How PapersFlow Helps You Research Corpus-Based Lexicography

Discover & Search

Research Agent uses searchPapers and exaSearch to find corpus tools like Sketch Engine (Kilgarriff et al., 2014), then citationGraph reveals connections to FrameNet (Baker et al., 1998) and WordNet (Miller, 1995), while findSimilarPapers uncovers related works like Coxhead (2000).

Analyze & Verify

Analysis Agent applies readPaperContent to extract corpus methods from Tognini-Bonelli (2001), verifies claims with CoVe against Biber et al. (2000), and runs PythonAnalysis for frequency stats from English Lexicon Project data (Balota et al., 2007) using pandas, with GRADE scoring evidence strength.

Synthesize & Write

Synthesis Agent detects gaps in sense coverage between WordNet and FrameNet, flags contradictions in usage frequencies; Writing Agent uses latexEditText for dictionary entry drafts, latexSyncCitations for Miller (1995), and latexCompile for publication-ready reports with exportMermaid for collocation graphs.

Use Cases

"Analyze frequency distributions in Coxhead's Academic Word List corpus data"

Research Agent → searchPapers('Coxhead 2000') → Analysis Agent → runPythonAnalysis(pandas frequency plot from extracted data) → matplotlib visualization of word ranges.

"Draft LaTeX entry for 'frame' using FrameNet corpus examples"

Research Agent → readPaperContent(Baker et al. 1998) → Synthesis Agent → gap detection → Writing Agent → latexEditText + latexSyncCitations + latexCompile → camera-ready dictionary section.

"Find code for Sketch Engine-like collocation tools from papers"

Research Agent → paperExtractUrls(Kilgarriff et al. 2014) → Code Discovery → paperFindGithubRepo → githubRepoInspect → working collocation extractor scripts.

Automated Workflows

Deep Research workflow scans 50+ papers like Miller (1995) and Kilgarriff (2014) for systematic review of corpus tools, producing structured corpus lexicography report. DeepScan applies 7-step analysis with CoVe checkpoints to verify Sketch Engine claims against Biber et al. (2000). Theorizer generates hypotheses on semantic change from Traugott & Dasher (2001) corpus patterns.

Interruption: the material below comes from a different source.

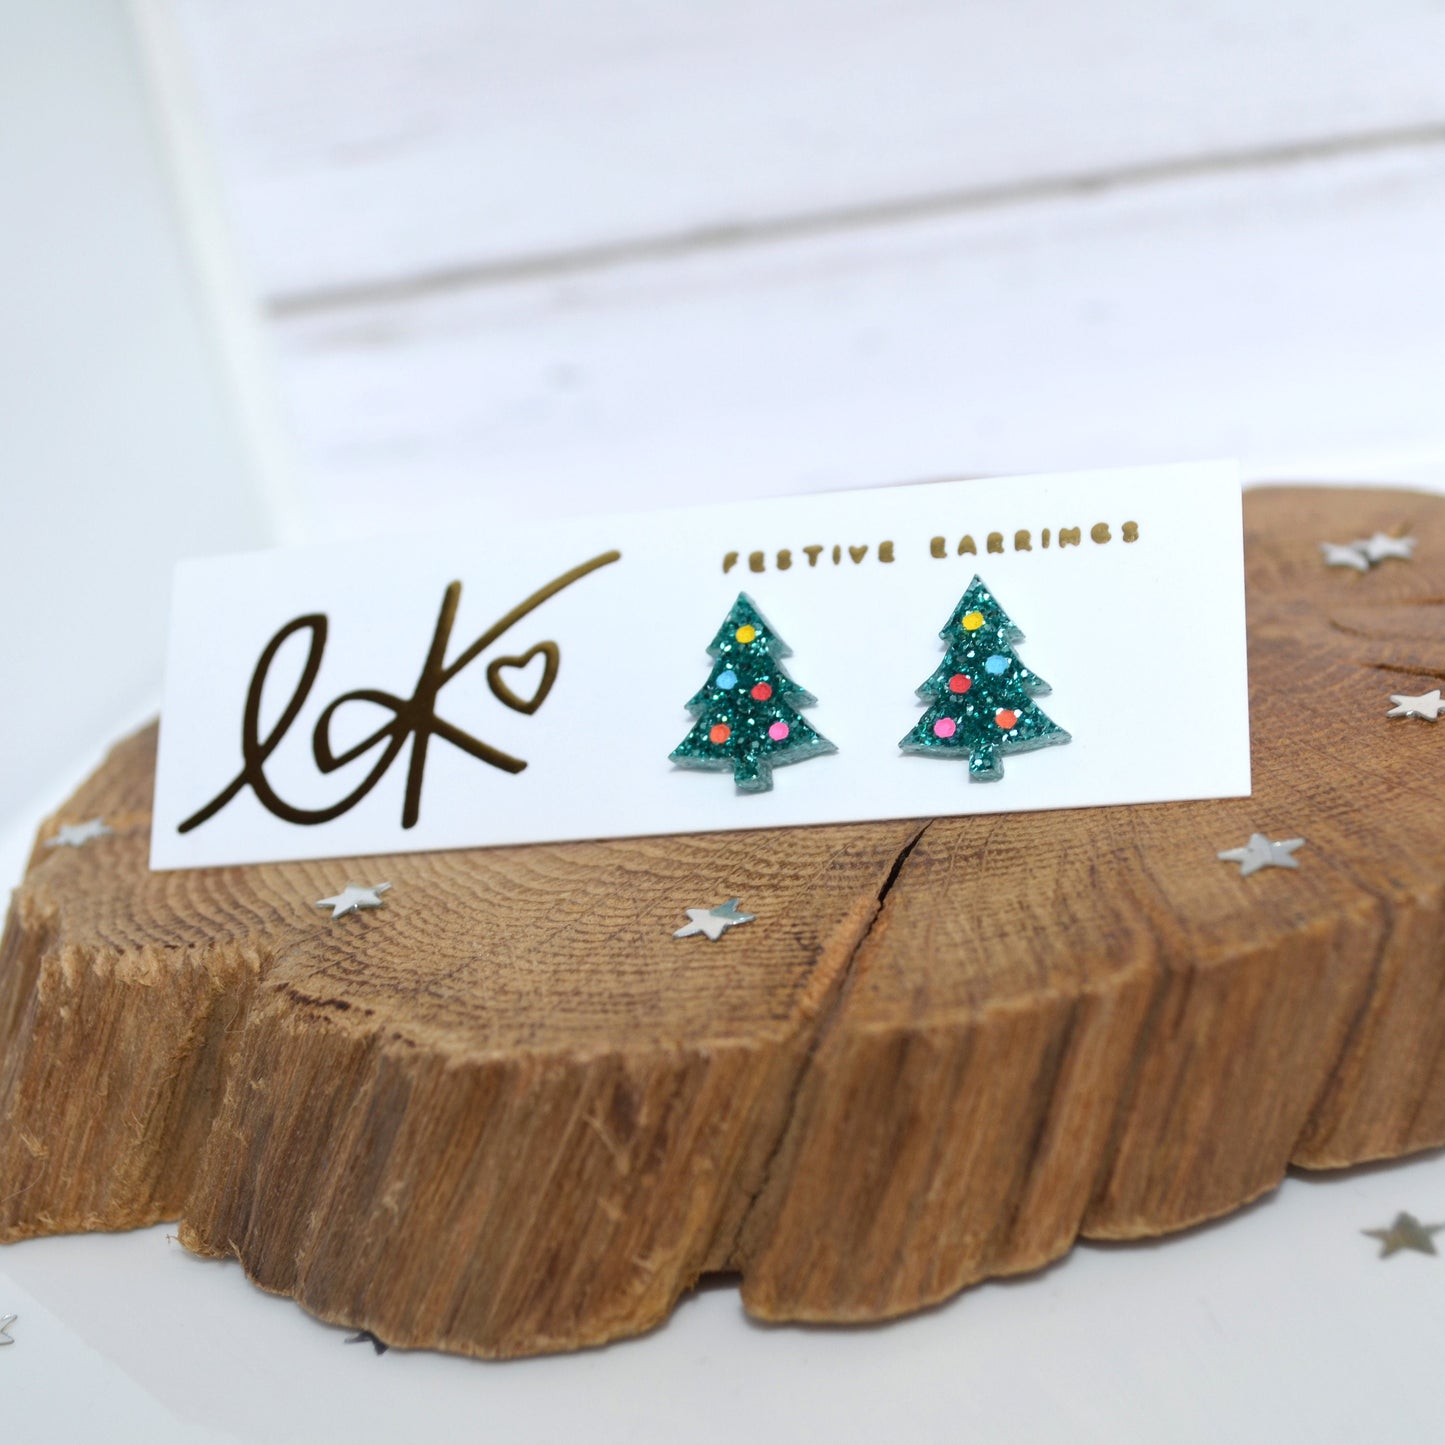 Hand-painted Green Glitter Christmas Tree Stud Earrings

Try Doxa for Corpus-Based Lexicography Research

Frequently Asked Questions

What defines Corpus-Based Lexicography?

It applies empirical corpus analysis to dictionary making, replacing intuition with data on usage, frequency, and collocations (Tognini-Bonelli, 2001).

What are key methods?

Methods include frequency analysis (Coxhead, 2000), collocation extraction via Sketch Engine (Kilgarriff et al., 2014), and frame semantics from corpora (Baker et al., 1998).

What are key papers?

Foundational: WordNet (Miller, 1995, 13,914 citations), FrameNet (Baker et al., 1998, 2,556 citations); Recent: Sketch Engine (Kilgarriff et al., 2014, 1,936 citations).

What are open problems?

Challenges persist in rare sense detection and cross-corpus comparability, as corpora bias toward frequent usages (Balota et al., 2007; Tognini-Bonelli, 2001).